Candidates must combine ChatGPT’s edits with their own editing and voice, said Sarah Baker Andrus, executive director of Avarah Careers, a Delaware-based career coaching firm. Whatever a candidate submits for a job should accurately reflect their skills, she said.
“We are responsible for how we present ourselves,” said Ms. Andrus. “If you decide to use ChatGPT, it pays to ask, ‘Does this represent the me I want to present?’ ”
Employers are already finding ways to catch applicants cheating with AI.
Engineers applying to San Francisco-based Cobalt Robotics participate in a one-hour remote coding interview where they are paired with a co-worker to test their collaborative and problem-solving skills. If candidates take more than an hour, they can finish on their own, but a screening program called CoderPad tracks their work.
Last month, a candidate who wasn’t showing work in CoderPad suddenly had a complete solution, said Erik Schluntz, chief technology officer and co-founder of Cobalt Robotics. He suspected that the requester had sought AI assistance and then copied and pasted their answer.
The company declined to proceed with the candidate without telling the person why, although Mr. Schluntz tweeted about it.

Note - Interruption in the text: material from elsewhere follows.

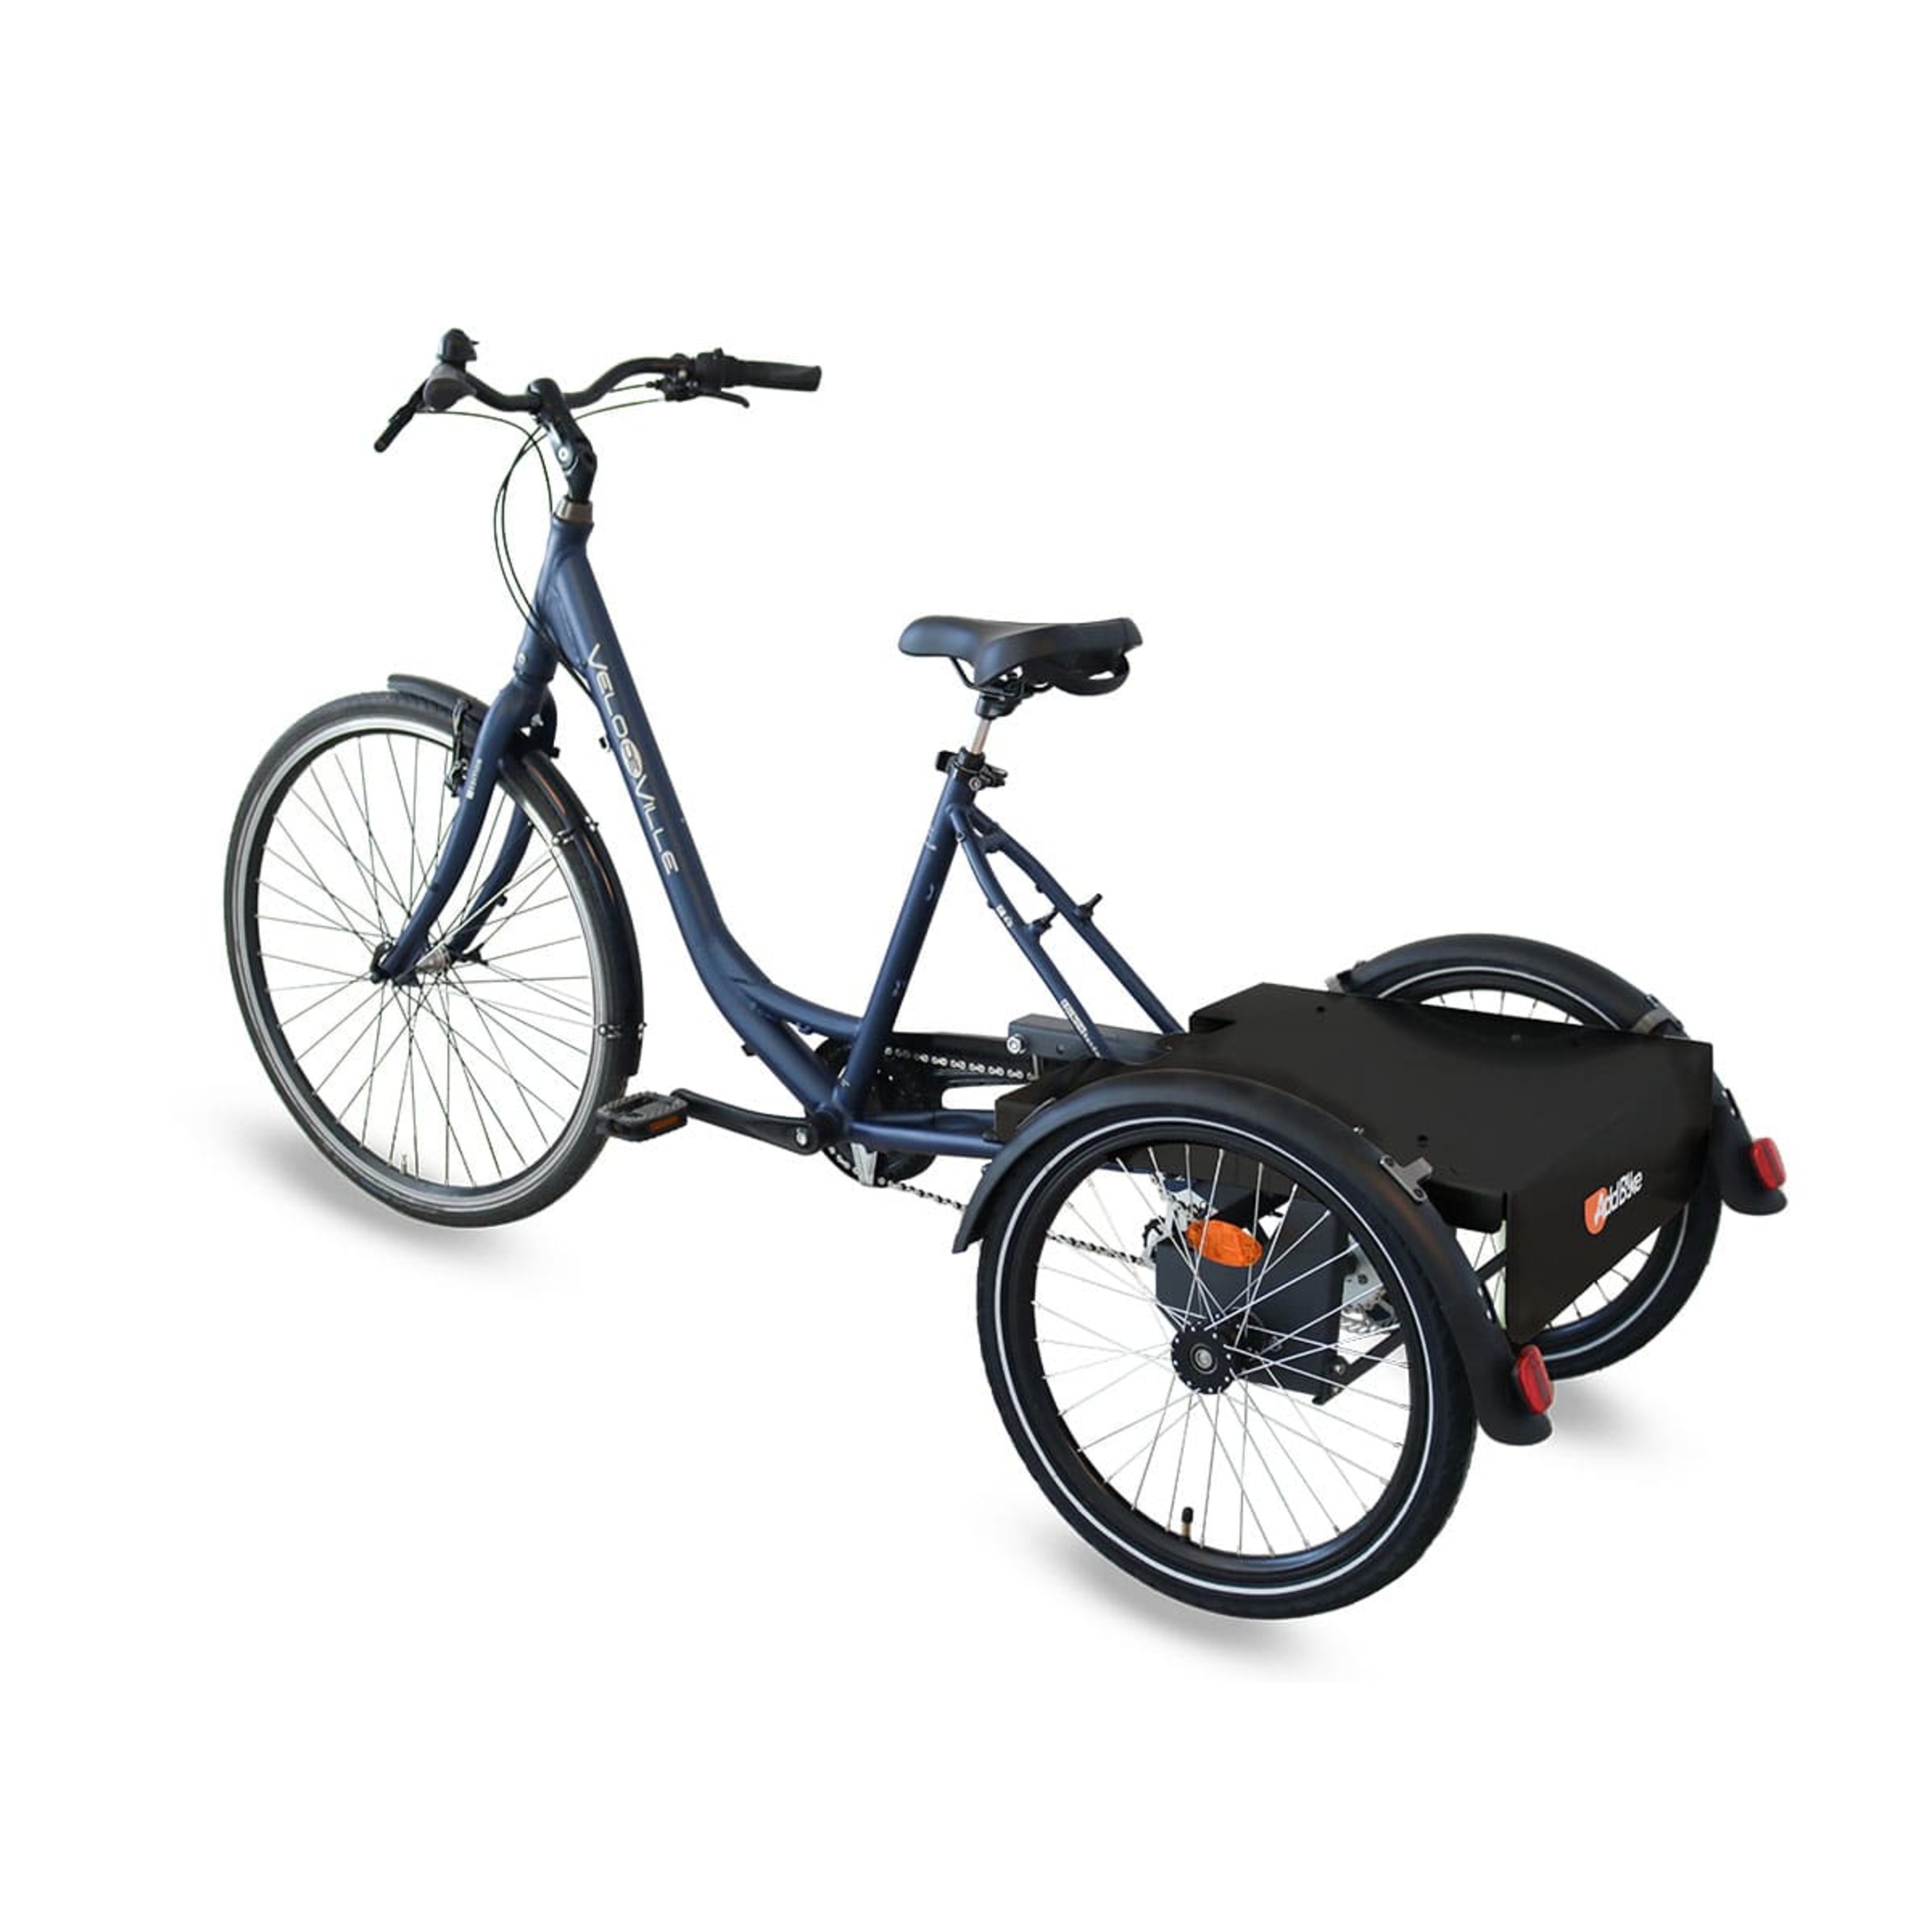 Kit Remolque Trasero Para Bicicleta  - Addbike B-back - gris - 
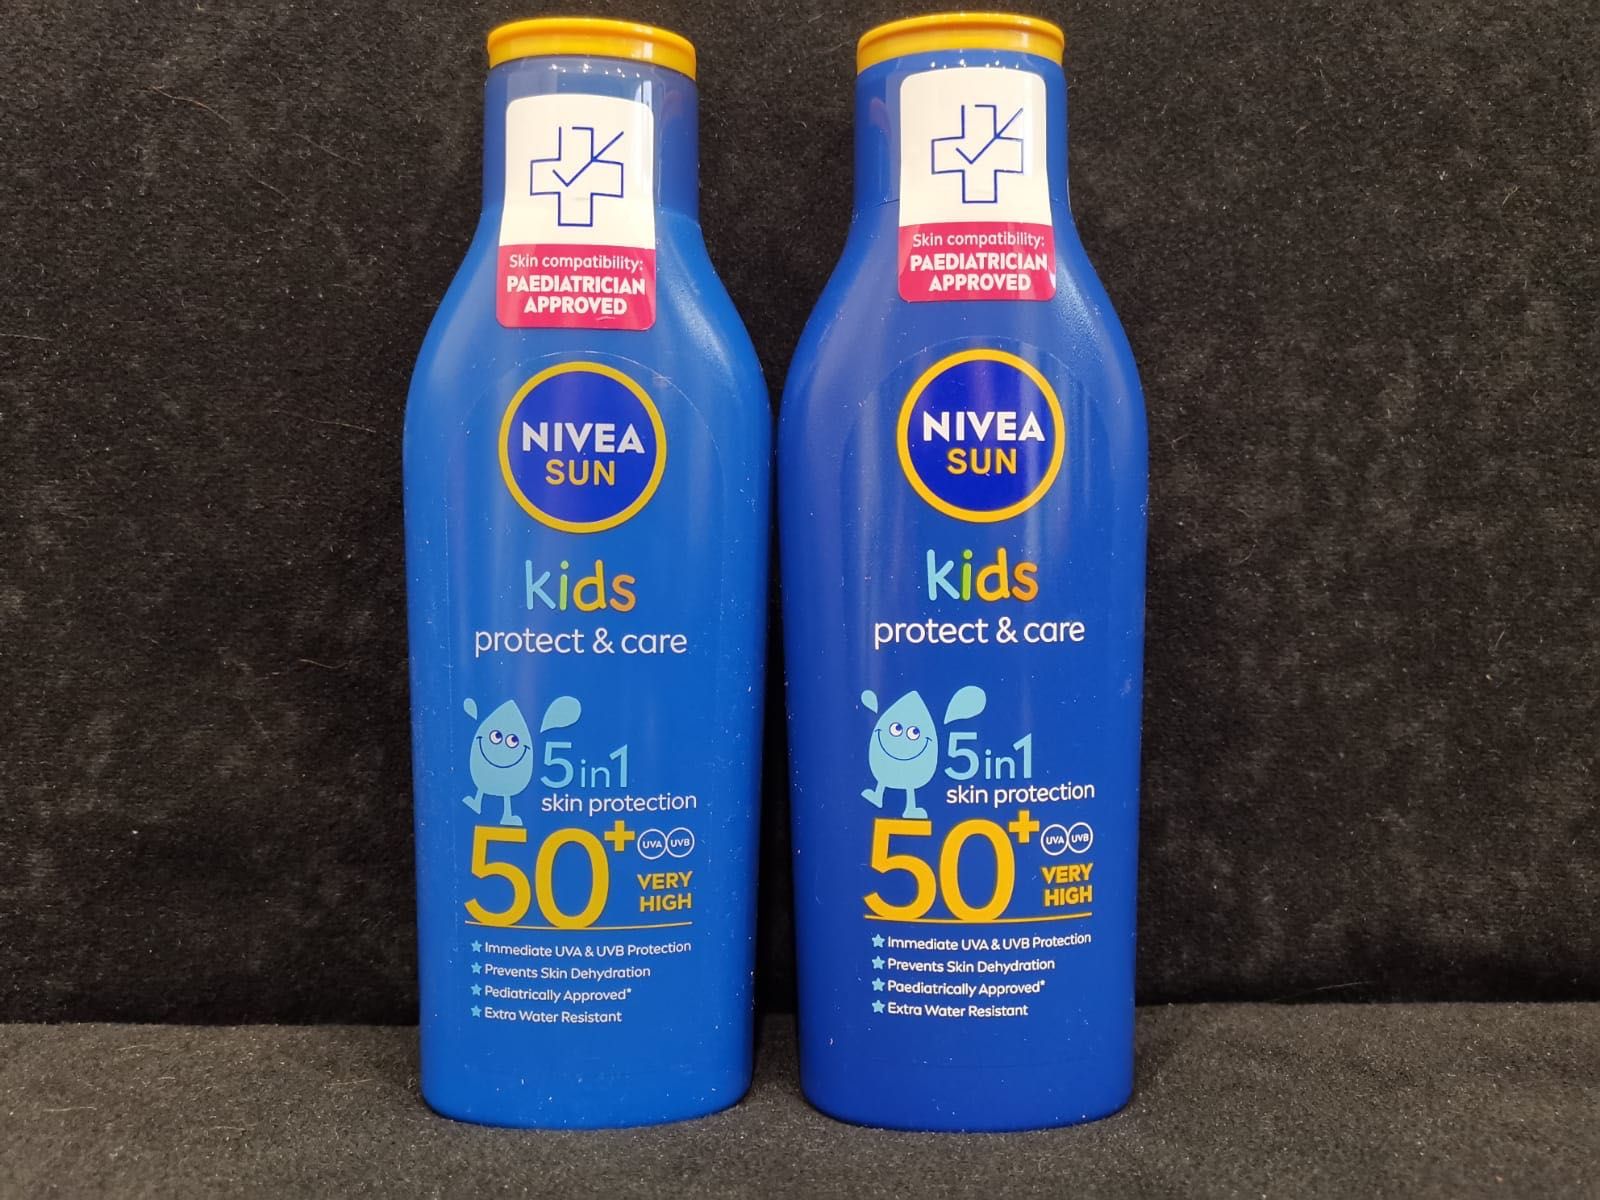 NIVEA SUN Kids Protect & Care SPF 50, 2 × 200 ml. Okazja.

Mr. Schluntz said Cobalt can’t properly grade candidates using AI assistants today, but said he could envision giving candidates more challenging assignments in the future if they want to use tools like ChatGPT as an assistant.
“Giving someone a problem that ChatGPT can solve doesn’t rate anyone – it only rates ChatGPT,” said Mr. Schluntz.
About a week after first discovering the AI-powered applications, Ms. Qi began allowing potential Databento employees to use ChatGPT. The new prompt requires candidates to do additional research and make changes to complement what the AI tool churns out, and Databento gives “extra points” to people who complete the test without a bot.
Although Ms. Qi said she can usually tell when something is written by ChatGPT, the company also enlists the help of a bot detector.
“It’s better to be ahead of the game and accept that people are using this rather than trying to deny it,” Ms. Qi said.
– Cordilia James contributed to this article.